Center for Bioinformatics and Computational Biology, Institute of Biomedical Sciences, School of Life Science, East China Normal University, Shanghai 200241, China.
Sci China Life Sci. 2011 Dec;54(12):1129-33. doi: 10.1007/s11427-011-4256-9. Epub 2012 Jan 7.

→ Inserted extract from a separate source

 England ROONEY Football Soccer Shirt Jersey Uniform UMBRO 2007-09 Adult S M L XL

De novo transcriptome assembly is an important approach in RNA-Seq data analysis and it can help us to reconstruct the transcriptome and investigate gene expression profiles without reference genome sequences. We carried out transcriptome assemblies with two RNA-Seq datasets generated from human brain and cell line, respectively. We then determined an efficient way to yield an optimal overall assembly using three different strategies. We first assembled brain and cell line transcriptome using a single k-mer length. Next we tested a range of values of k-mer length and coverage cutoff in assembling. Lastly, we combined the assembled contigs from a range of k values to generate a final assembly. By comparing these assembly results, we found that using only one k-mer value for assembly is not enough to generate good assembly results, but combining the contigs from different k-mer values could yield longer contigs and greatly improve the overall assembly.

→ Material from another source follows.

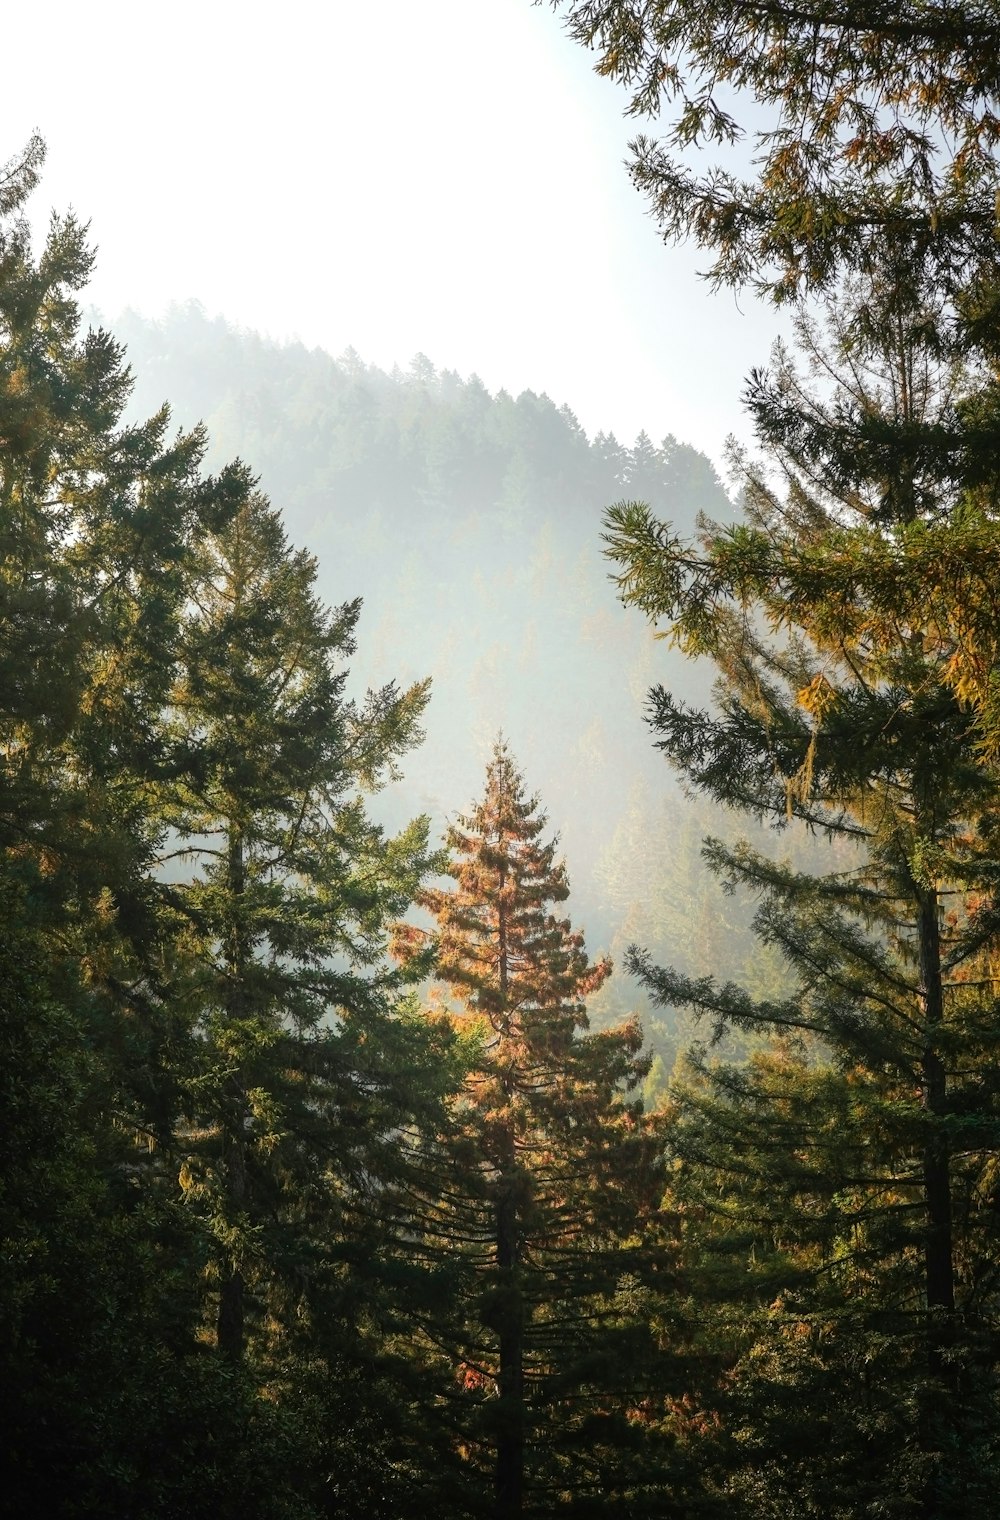 green pine trees under white sky during daytime

从头转录组组装是 RNA-Seq 数据分析中的一种重要方法,它可以帮助我们在没有参考基因组序列的情况下重建转录组并研究基因表达谱。我们分别使用两个来自人脑和细胞系的 RNA-Seq 数据集进行转录组组装。然后,我们确定了使用三种不同策略生成最佳整体组装的有效方法。我们首先使用单个 k-mer 长度组装脑和细胞系转录组。接下来,我们在组装中测试了 k-mer 长度和覆盖范围的一系列值。最后,我们将来自一系列 k 值的组装连续体组合在一起,生成最终的组装。通过比较这些组装结果,我们发现仅使用一个 k-mer 值进行组装不足以生成良好的组装结果,但是组合来自不同 k-mer 值的连续体可以生成更长的连续体,并大大提高整体组装质量。